Former professional basketball player Shaquille O'Neal was a notoriously poor free-throw shooter, with a career success rate of 52.7%. This was such a low percentage that opposing teams would often deliberately foul O'Neal to force him to shoot free throws, rather than risk his team scoring a more traditional basket.
O'Neal averaged 9.7 free-throw attempts per game.
Suppose each free-throw attempt is independent, and the probability of making a free throw is 0.527.
1. Let X be a random variable representing the number of successful free throws O'Neal makes. Find μχ, the expected number of successful free throws O'Neal makes in a game. Round to the nearest hundredth, if necessary.
2. The most free throws O'Neal ever attempted in a single game was 31.
(a) O'Neal made exactly 19 free throws in this game. Find the probability of O'Neal making exactly 19 of 31 free throws.
(b) Find the probability that O'Neal misses all 31 free throws.
(c) Find the probability that O'Neal makes all 31 free throws.
(d) Find the probability that O'Neal makes a majority of his attempts in this game.
(e) What is the expected number of free throws for O'Neal in this game (on exactly 31 attempts)? Round to the nearest tenth, if necessary.
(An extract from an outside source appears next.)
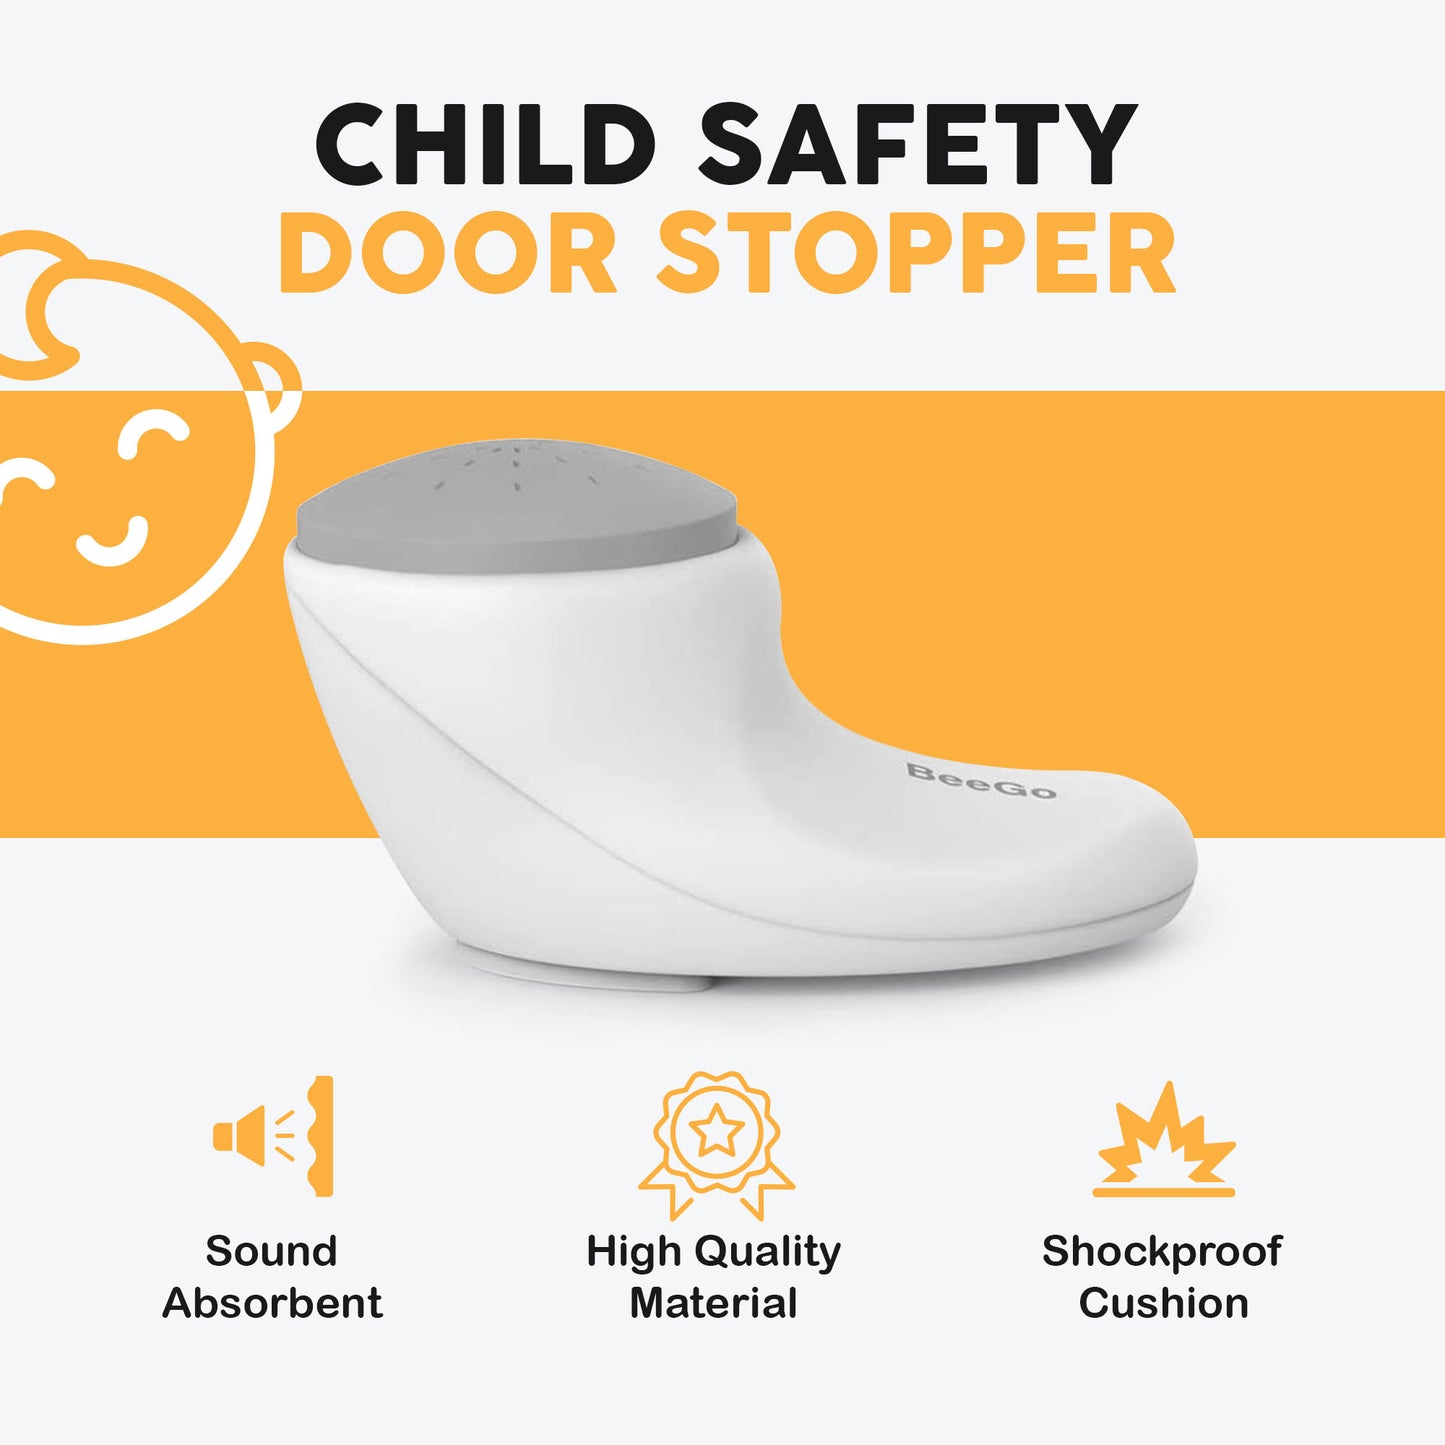 Beego Child Safety Door Stoppers - Beego Safety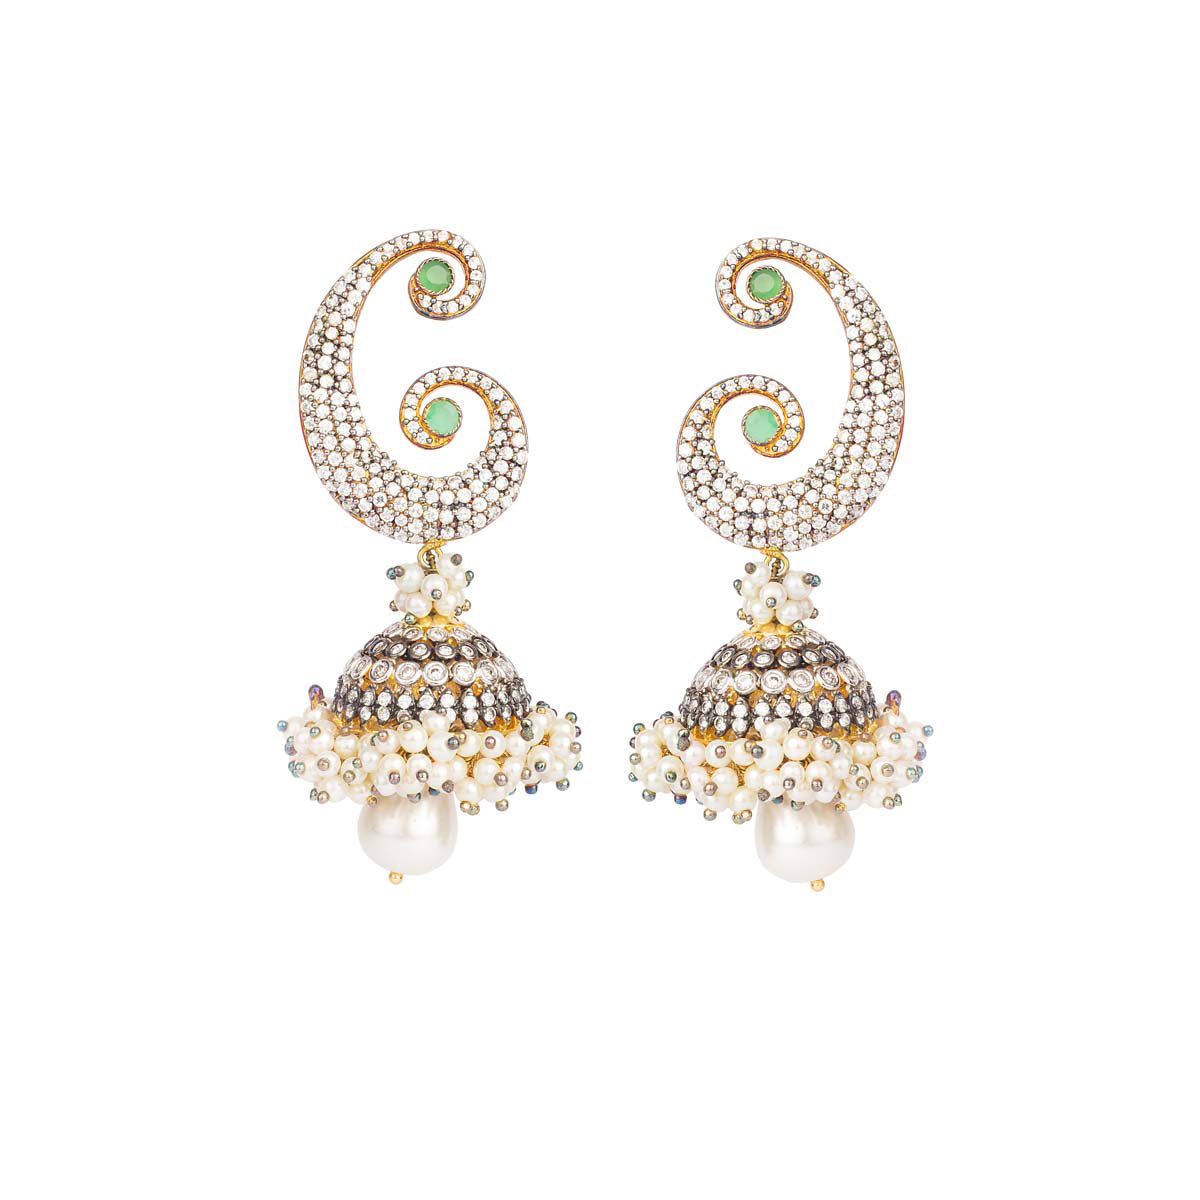 Bridge the beauty of modern and traditional with these antique gold mixed metal alloy earrings made jazzy with pearls and accented mint green studs.

3. Suppose Shaquille O'Neal has brought his team (the Lakers) to the NBA playoffs. His team is playing a best-of-seven series, where the first team to win four games wins the series.
Historically, O'Neal's teams had a playoff winning percentage of 59.7%. Assume, then, that 0.597 is the independent probability of the Lakers winning any individual playoff game.
(a) What is the probability that the Lakers win the series (are the first team to eventually win four games)?
(b) What is the probability that all seven games in the series need to be played in order to determine the winner? Note that this question is not concerned with the overall winner of the series, only that the series requires all seven games.